**Work to complete**
Copy out the data below as written; omit any images.

**Data below**
* * * *

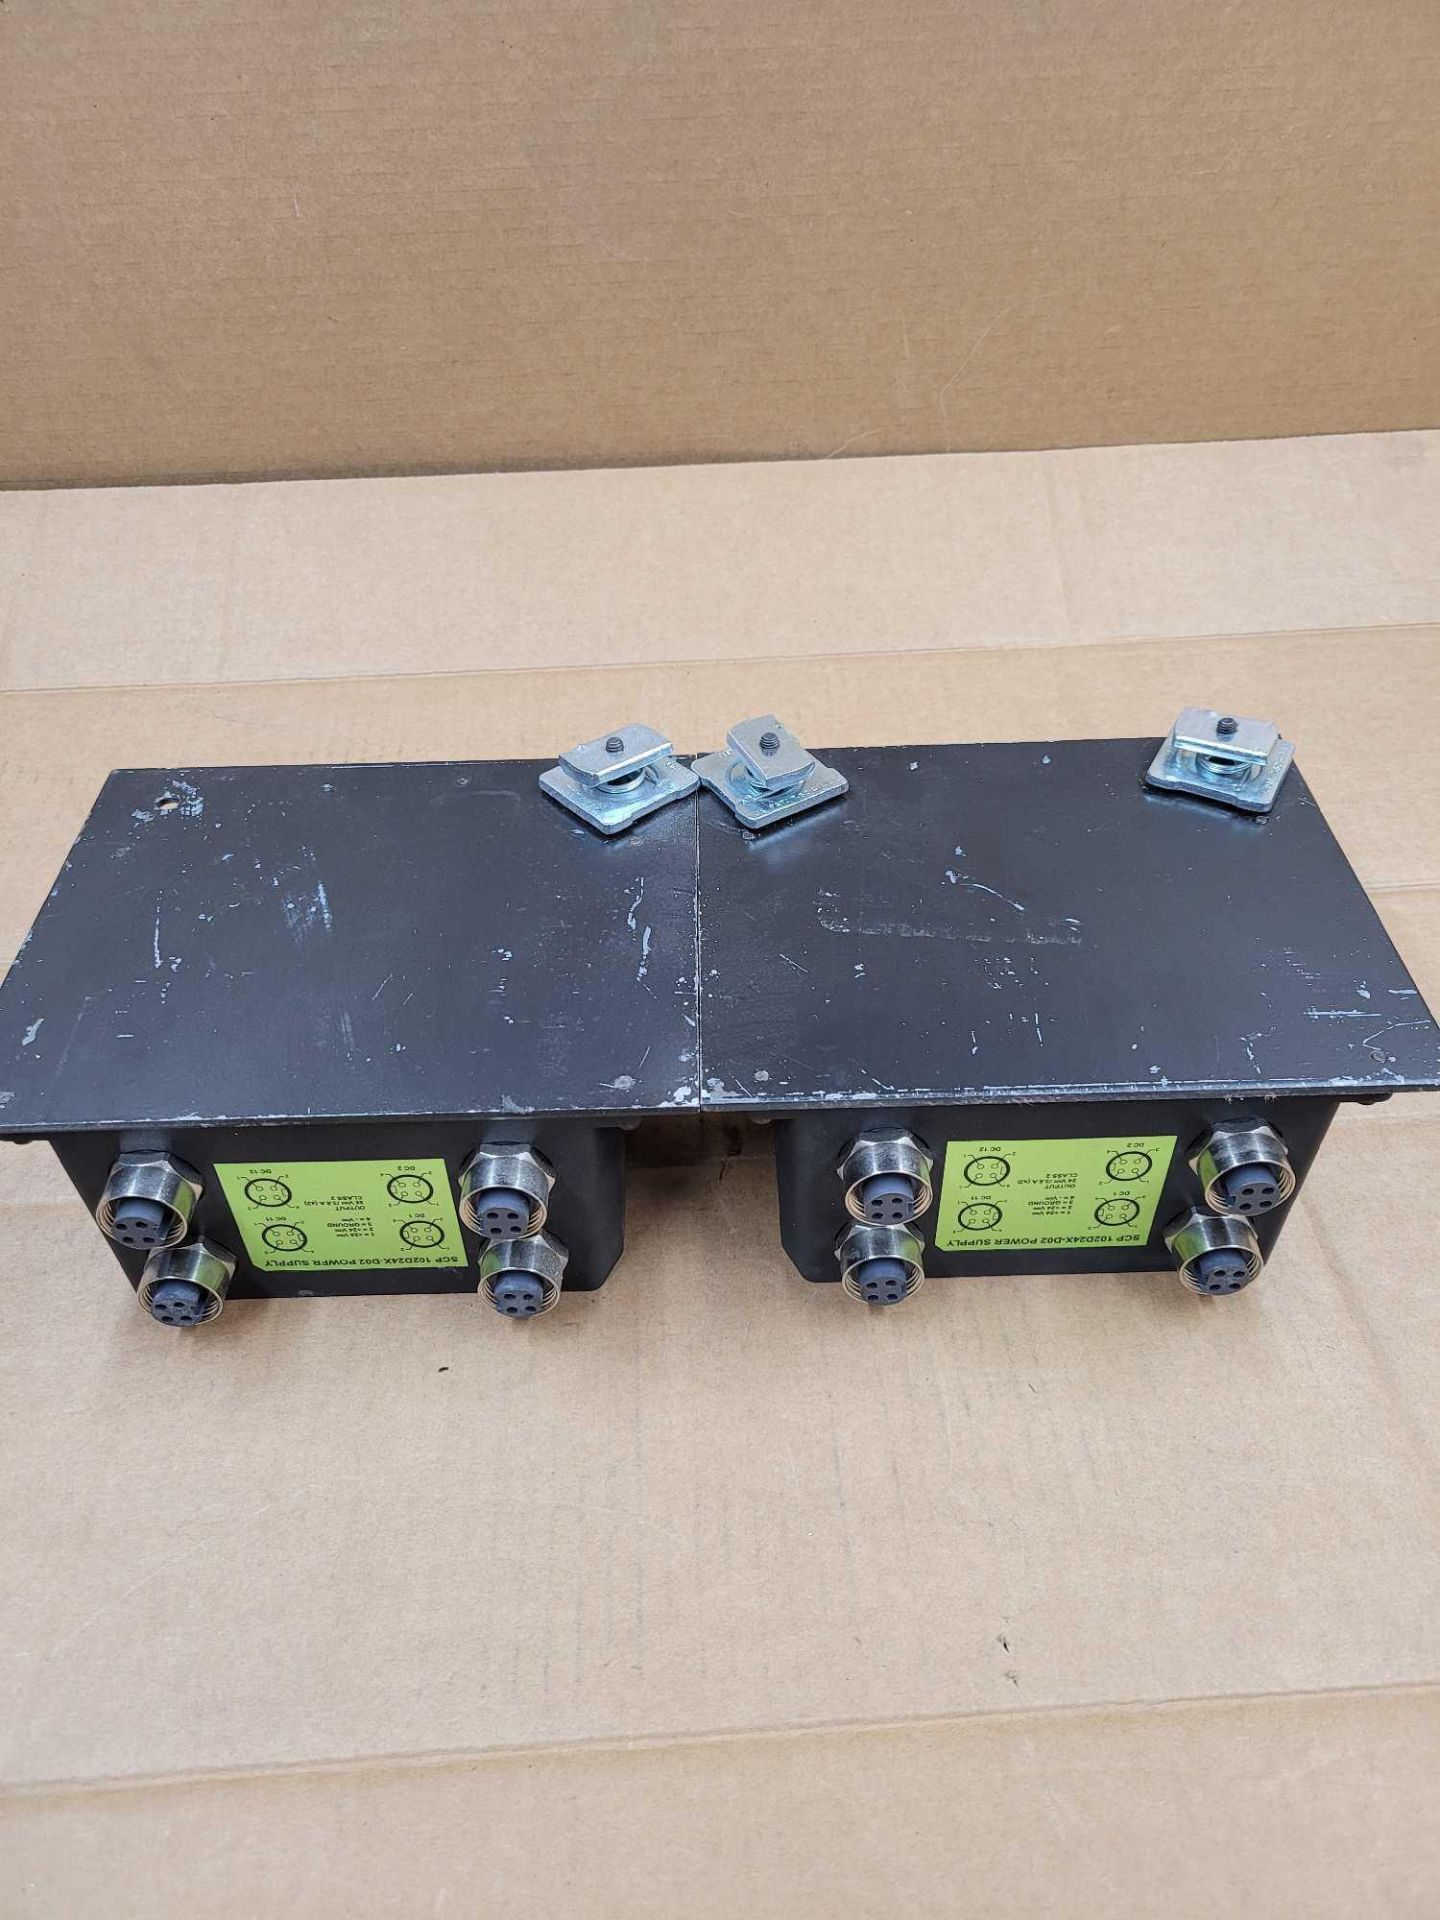 LOT OF 2 SOLA SCP 102D24X-D02 / Power Supply  /  Lot Weight: 12.4 lbs - Image 8 of 8
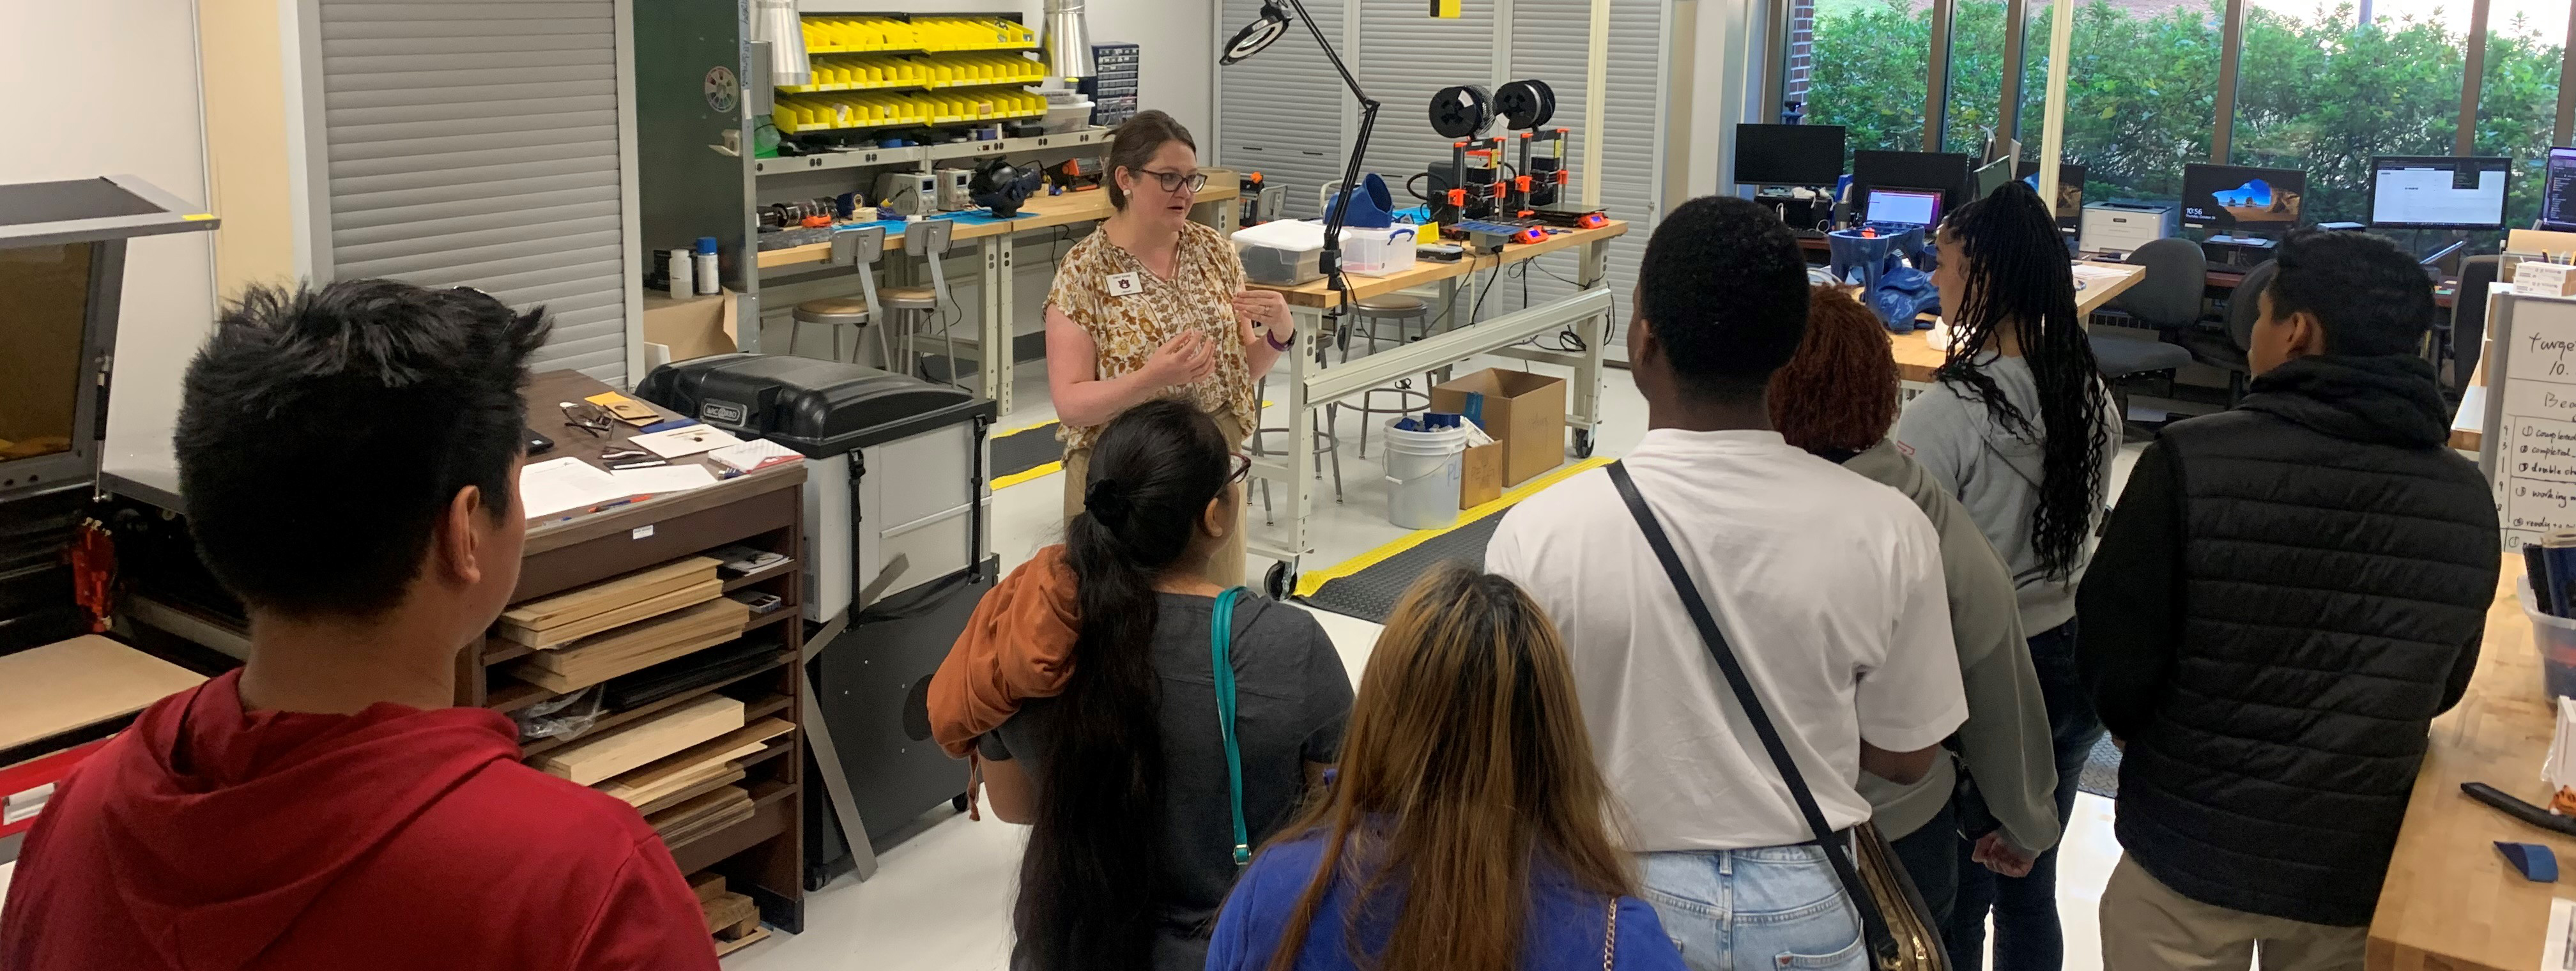 A female presenter speaks to a group of male and female students in a makers space lab
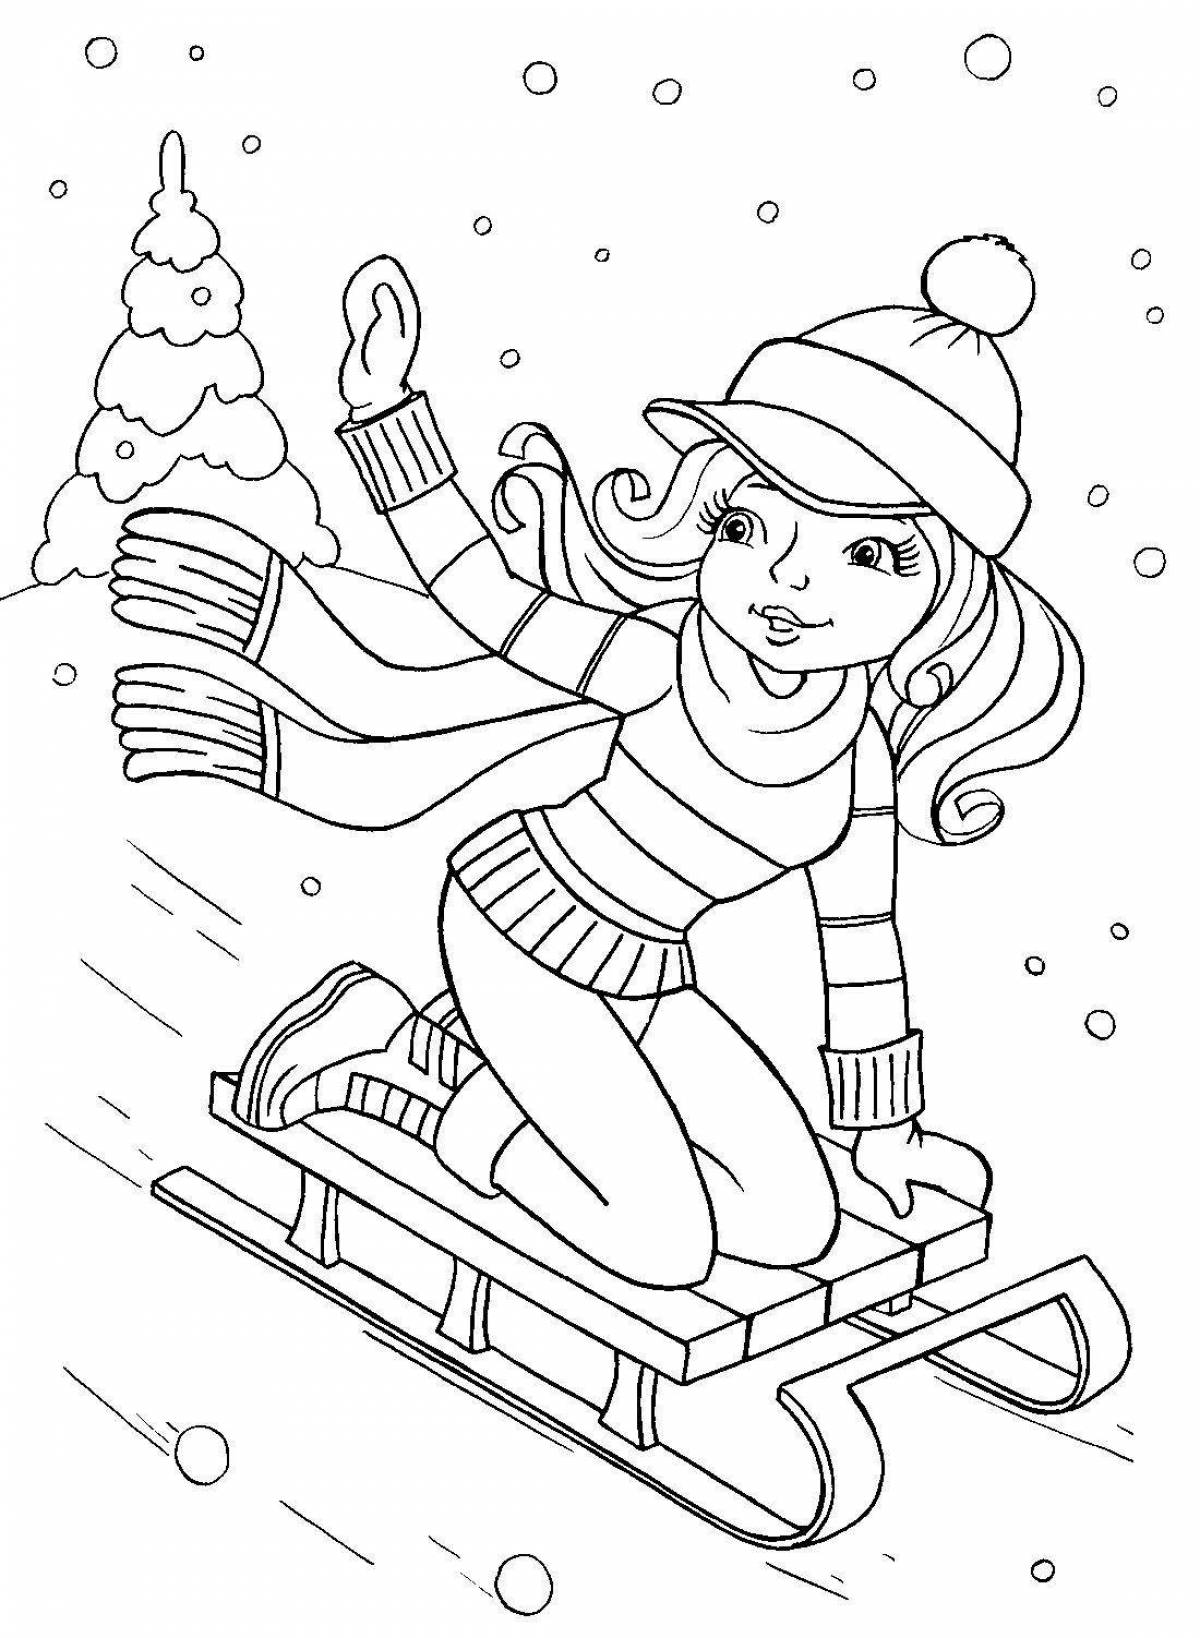 Bright coloring for sledding

* * * *

**Expected output**
 LOT OF 2 SOLA SCP 102D24X-D02 / Power Supply  /  Lot Weight: 12.4 lbs - Image 8 of 8
 A female presenter speaks to a group of male and female students in a makers space lab
 Bright coloring for sledding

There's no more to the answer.